Contact Person: Joseph L. Unthank (junthank@iupui.edu)


Luminal enlargement of collaterals has been well documented(Coyle, 1984; Conrad et al., 1971; Schaper et al., 1988; Paskins-Hurlburt & Hollenberg, 1992; White et al., 1992; Lehman et al., 1991). However, the primary stimulus responsible for collateral evolvement remains controversial. Furthermore, the specific mechanisms mediating the wall remodeling associated with progressive luminal expansion are largely unknown. Although growth factors produced by ischemic tissues(Hashimoto et al., 1994; Schaper, 1993a) or monocytes(Schaper, 1993b) may participate in collateral development, there is substantial evidence to suggest that shear stress is a primary stimulus for arterial growth(Langille & O'Donnell, 1986; Kamiya & Togawa, 1980; Zarins et al., 1987) and collateral enlargement(Unthank et al., 1996b; Unthank et al., 1996a; Ito et al., 1997). This structural regulation of vascular diameter by blood flow has been shown to require an intact endothelium(Langille & O'Donnell, 1986; Tohda et al., 1992) and cell culture studies with molecular biology techniques have also demonstrated that shear stress can induce the transcription of endothelial genes for many growth factors (see references (Resnick & Gimbrone, Jr., 1995; Skalak & Price, 1996) for review).

In this review, a summary of studies performed in our laboratory investigating remodeling of small resistance arteries after abrupt elevation of blood flow will be presented. The model utilized in these studies has been previously described(Unthank et al., 1996b; Unthank et al., 1996a). It permits paired observations of arterial diameters along a well-defined collateral pathway, before and at various times after flow elevation due to arterial ligation. The techniques used with this model for repeated observation do not alter microvascular growth or remodeling (Unthank & Bohlen, 1987; Unthank & Bohlen, 1988; Unthank et al., 1996b). Arterial blood flow at the beginning of the collateral pathway is increased ~275% (Figure 2) following the creation of the model. Wall shear stress is initially increased ~175% (Figure 3). As luminal expansion occurs, blood flow in the collateral artery remains elevated but wall shear rates are restored to normal levels. Because normal tissue perfusion is maintained and arterial pressure at the site of primary adaptation is not altered(Unthank et al., 1996b), shear stress is considered to be the major stimulus for the initial arterial adaptation in this model. Additional details regarding this model are given in Figures 1-3. The focus of this review will be upon changes in the intima and media during the progression of collateral development. Wall remodeling will be specifically examined at time points when wall shear remains elevated (1 wk), has been restored to normal levels (4 wk), and a significantly later time (12 wk) when the adaptations to elevated shear are assumed to be at or near completion.

Click to enlarge Fig. 1: A collateral arterial pathway was created as previously described (Unthank et al., 1996b) by ligating 3-4 sequential mesenteric arteries supplying blood flow to the terminal ileum of ~200g Wistar rats. Solid black circles in the diagram illustrate the sites of ligation. Between the two boundary collaterals, there were ~50 large arterioles over a distance of ~10 cm. The open circles indicate sites of diameter measurement at defined regions (boundary, mid-zone, center) along the collateral dependent pathway as well as at control or normal areas.

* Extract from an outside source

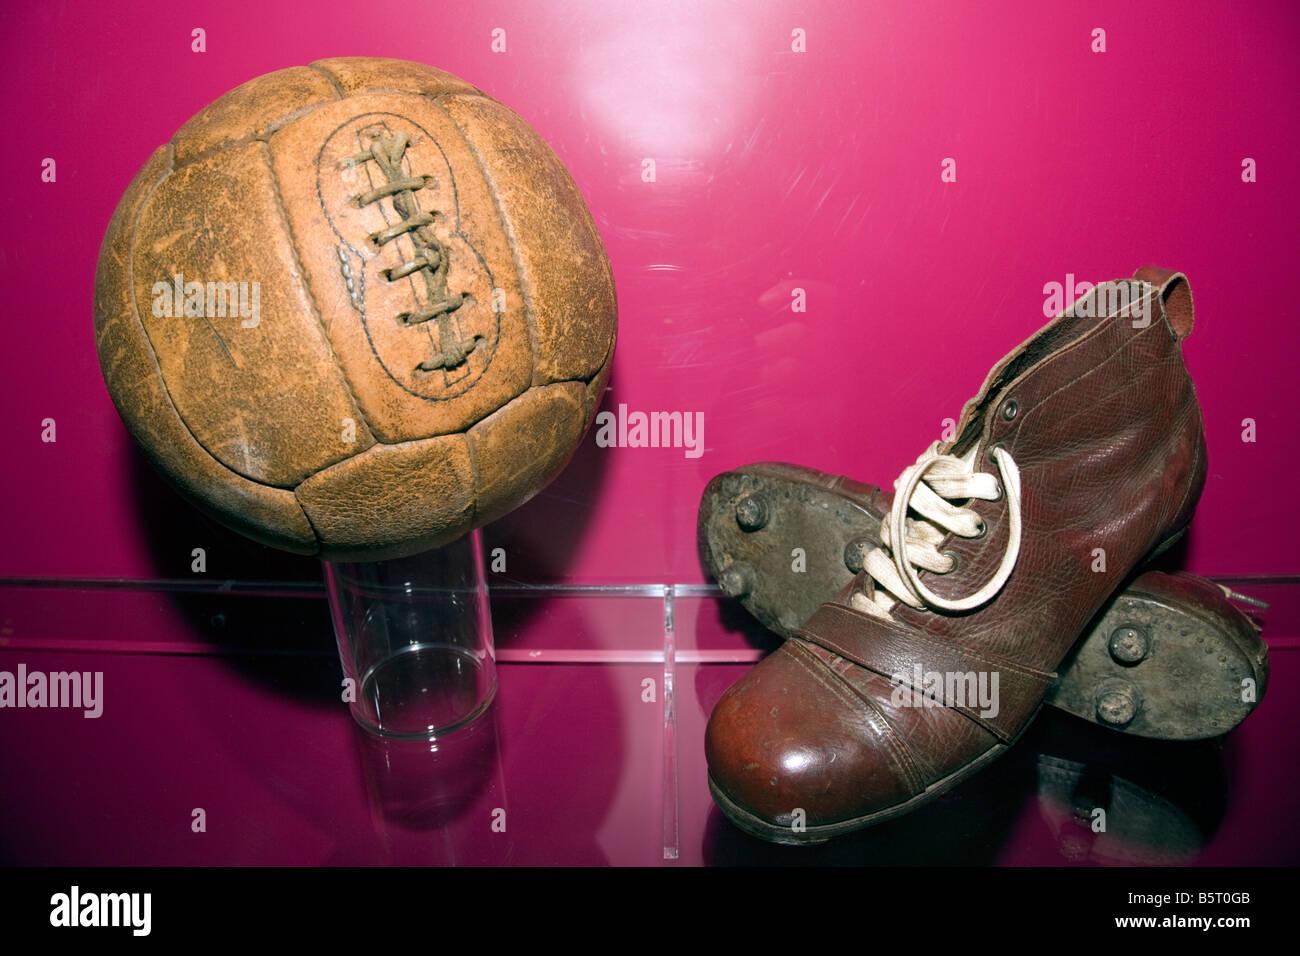 From Fran Tarkentons cleats to leather helmet dear to Bud

Click to enlarge Fig. 2: In acutely studied rats, blood flow in the ileal arteries at the boundary region was measured before and after arterial ligation under resting (control) and maximally dilated conditions.

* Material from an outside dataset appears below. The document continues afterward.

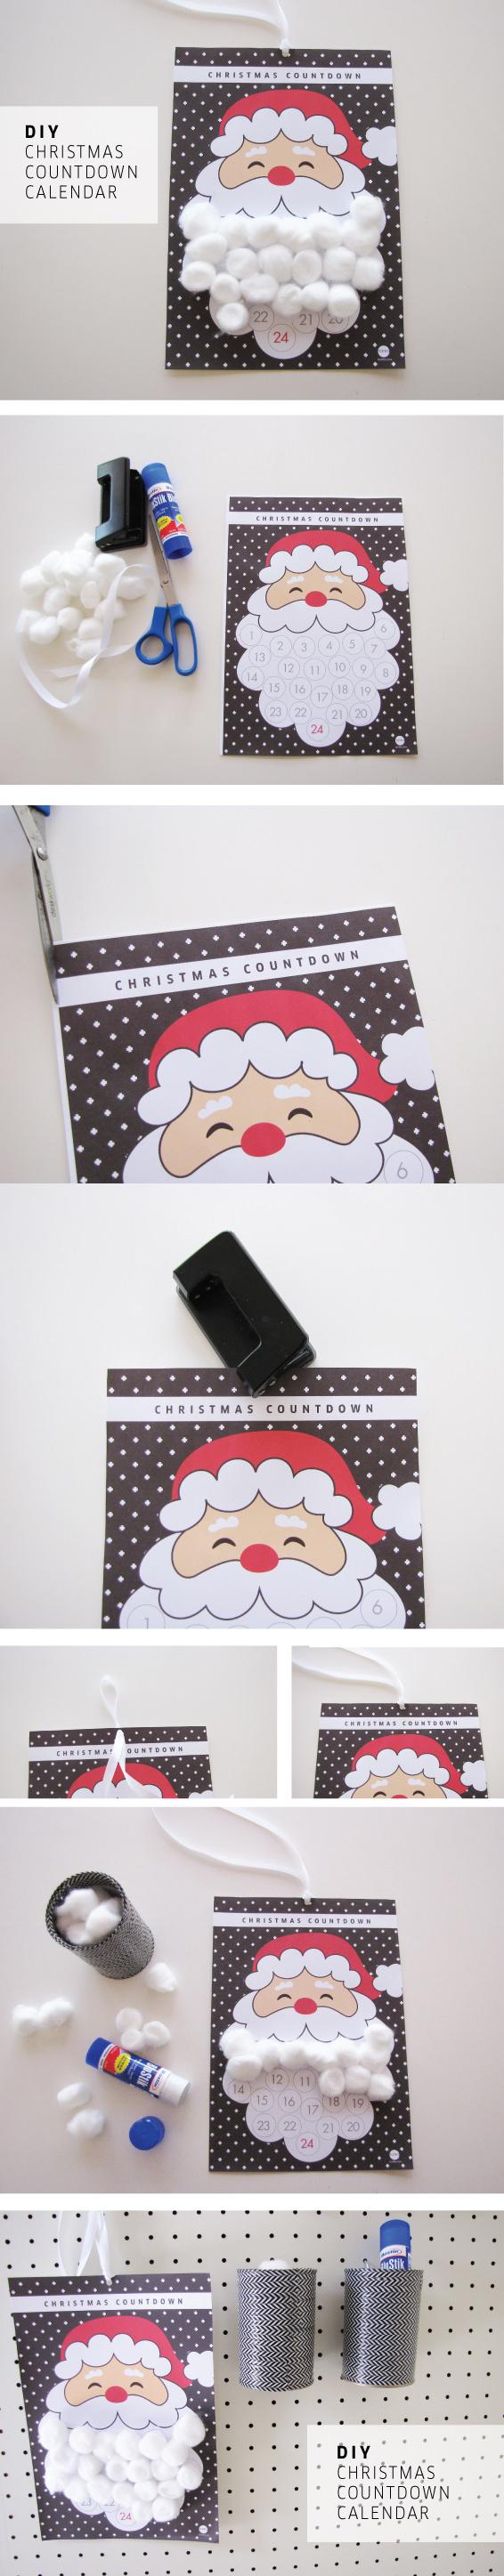 TOMFO-Christmas-calendarTUTORIAL1

Click to enlarge Fig. 3 After arterial ligation, wall shear rate (WSR) is initially elevated ~175%(Unthank et al., 1996b). After one week, the collateral diameter is increased ~30% and WSR is estimated to remain elevated ~80%(Unthank et al., 1996a). By 4 weeks, additional luminal enlargement has occurred and WSR is similar to both pre-ligation WSR and WSR in normal arteries of the same animals(Unthank et al., 1996a). At 12 weeks (data not shown), the WSR in collateral arteries remains similar to WSR in normal arteries (Fath et al., 1998).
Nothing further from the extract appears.